On the front line of the fight against disease


03 February 2016

Meet the LUMS alumnus using his business knowledge to help accelerate scientific advances.

The transition from the laboratory to Lancaster University Management School gave Richard Lumb an intense lesson in the thinking power generated when different cultures meet. Now, he is applying that idea to his mission to speed up advances in the world of genomics.

Richard is the founding CEO of Front Line Genomics - which organises conferences and events on the subject all over the world.

“Genomics refers to the study of an organism’s entire genetic makeup, called a genome,” he explains.

“Variations in the genome can contribute to the cause of diseases, such as cancer. Therefore, studying the genome can help us understand, treat and predict diseases with unprecedented accuracy.”

Richard still remembers the impact of walking into the lecture theatre at Lancaster University Management School for his first session as a new student on the Management MSc course and being met by a sea of faces from every corner of the world.

“It was so unexpected,” he remembers. “I’d just finished a PhD in cell biology and felt a bit like a fish out of water. All of a sudden I saw the opportunity to work with smart people from all sorts of cultures and perspectives. It opened up my mind in such a powerful way, that later I realised I could apply the same approach to what I am now trying to do in genomics.”

Front Line Genomics - which Richard set up in 2013 - is what he describes as a “commercial enterprise with a social conscience”. Its focus is to bring together diverse groups interested in genomics who do not normally talk to each other, including medical researchers, clinicians, industry, charities and people whose lives have been adversely affected by their genetic makeup. The aim is to cut the time it takes for genomic breakthroughs to benefit patients.

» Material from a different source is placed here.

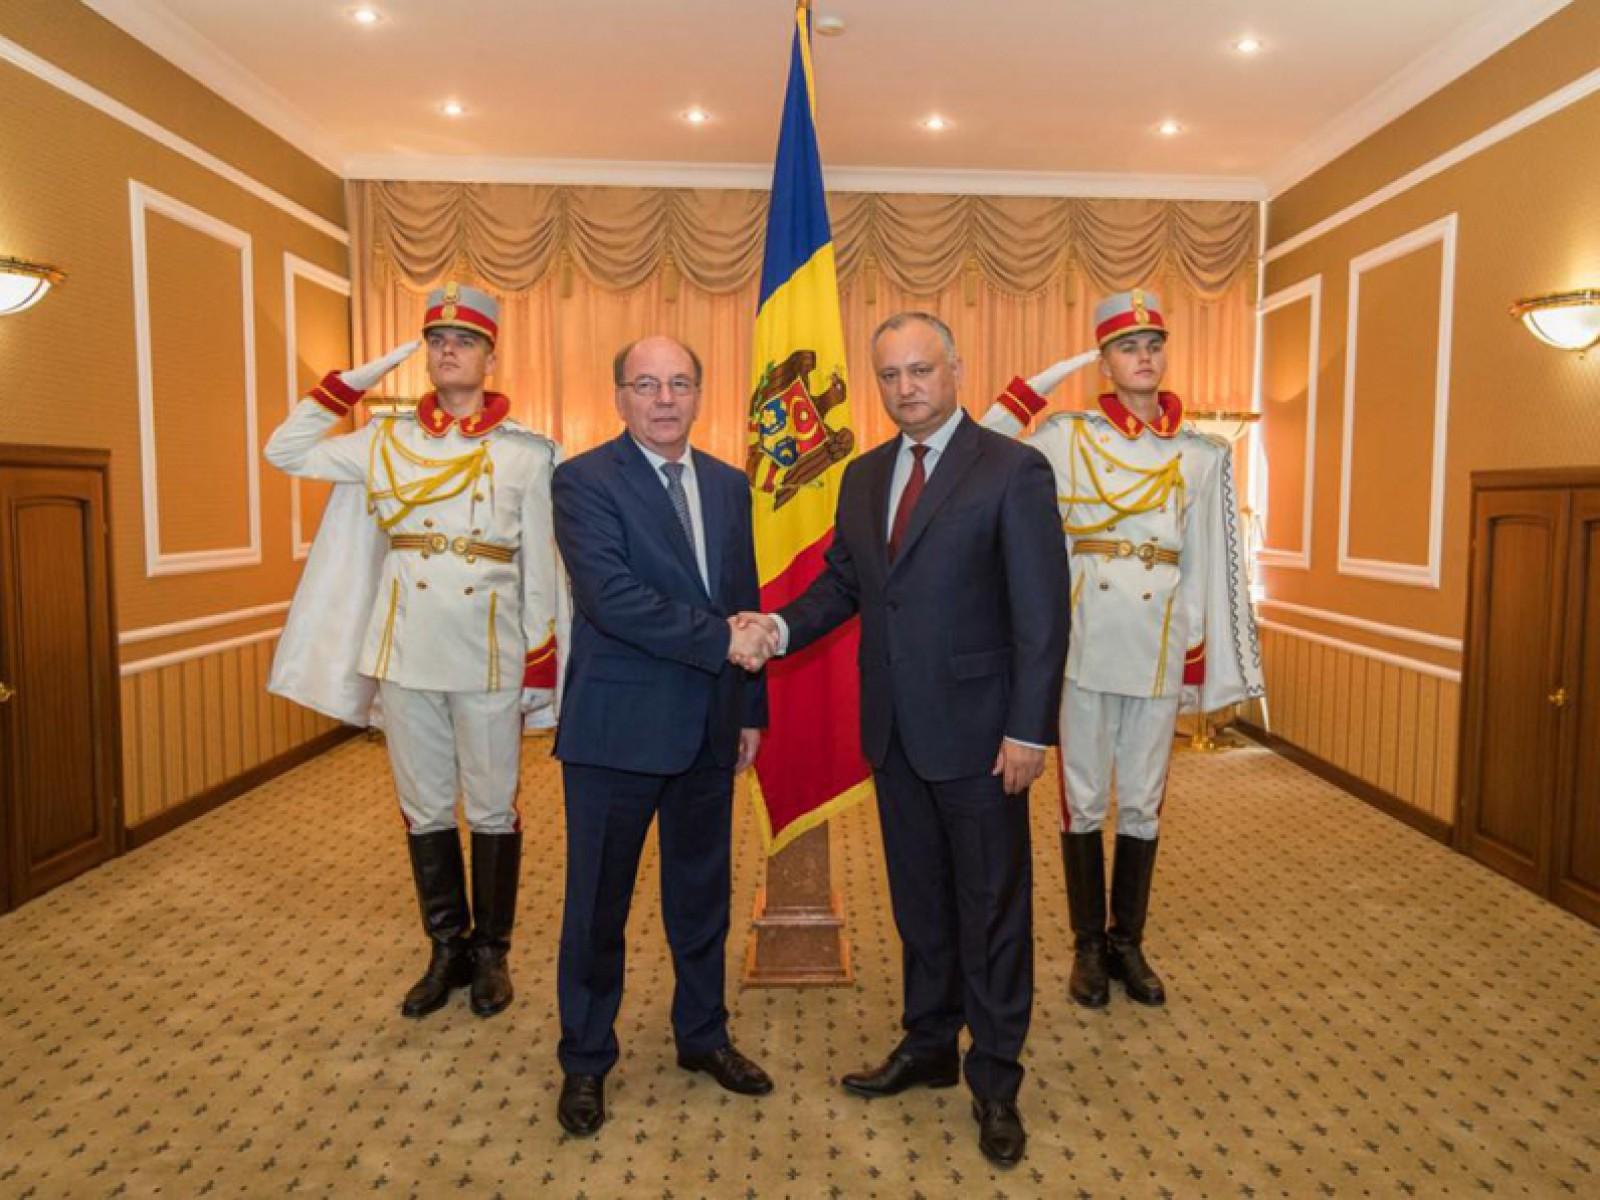 Rusia are un nou ambasador în Republica Moldova: Dodon a primit scrisorile de acreditare

He had no thoughts of genomics when he arrived at Lancaster fresh from completing his PhD in Biochemistry/ Cell Biology at Manchester University. He simply wanted to learn more about business and find out how to use science in a commercial context. Then, in 2009, his father died of mesothelioma - a form of cancer caused by exposure to asbestos - and his life plan changed.

He read around the condition and found out about a genetic mutation called BAP1, which increases the chance of mesothelioma sufferers dying from it by a factor of 10. Suddenly, he wondered how the outcome of their diseases might have differed if patients had known whether or not they carried the BAP1 mutation.

“Here we have a technology that allows people to understand about their own bodies and can affect the decisions they make when they are ill” he says.

“It might also affect whether they decide to expose themselves to certain working environments - like my father might have been able to do about asbestos had he had the information.”

Here was Richard’s opportunity to bring science and business together in order to benefit future patients, and here was where what he had learned at Lancaster really came into its own; the figure of his lecturer in project management, Ian Cammack, standing out in his mind.

“Ian Cammack was inspirational,” he says. “Working with us in small groups, he talked about NASA and other cool projects in such a practical way that he got us thinking about running something much bigger than a corner shop. People from different cultures and perspectives were working together and I often found myself mediating those discussions. That was such a strength of the course.”

He left Lancaster unsure what to do - except that it would not be academia - and had taken on a number of short-term projects to help him decide, including working in Tesco’s financial services, on project and department management in Sainsbury’s and running a speed dating franchise, which he says “was a great chance to put Lancaster project management ideas into practice”.

His CV was spotted by IntertechPira, which gained him a job as a conference producer. He was working on 10 events a year, of which half were in life sciences, bringing him important drug company contacts. He developed further links and experience with conference organising companies Terrapinn and Hanson Wade. He also picked up financial backing from Clarion Events, which enabled him to set up Front Line Genomics.

True to his inspiration from Lancaster, Front Line Genomics is working to bring together people from the worlds of academia, industry, healthcare, government and the investment community, plus members of the public. The organisation produces publications highlighting technological advances for clinical staff, a bi-monthly magazine aimed at all relevant groups, and puts on conferences.

These are called “festivals”, because they are designed to be fun, to be affordable to anyone interested and to draw on ideas from diverse sources. A commercial, rather than a charity, model was the only one that would achieve Richard’s aims fast and efficiently. The first festival took place in Boston, USA in 2015, followed by another in London in January 2016. More are in the pipeline.

Raising awareness of the possibilities of genomics is his biggest goal - even looking 10 years down the line - but he is also excited at the possibilities of genetic sequencing being made routine and accessible on a mass scale.

He feels that although knowledge of genomic medicine is substantial, it is not accessible to everyone in all areas, and in many cases the treatments don’t exist to deliver a satisfactory outcome for patients. He wants this to change.

The biggest barriers to patients receiving genomic advances are the way that clinicians are trained, and the capability of healthcare organisations to fund and implement necessary advances.

Richard realises he has a challenge ahead to make progress, but his festivals are causing excitement in the genomics field, because groups are being given the means of communicating with others they have never met before. That way lies success, he says: “As my whole life experience was opened up by Lancaster, so we want to do the same with the genomics industry.”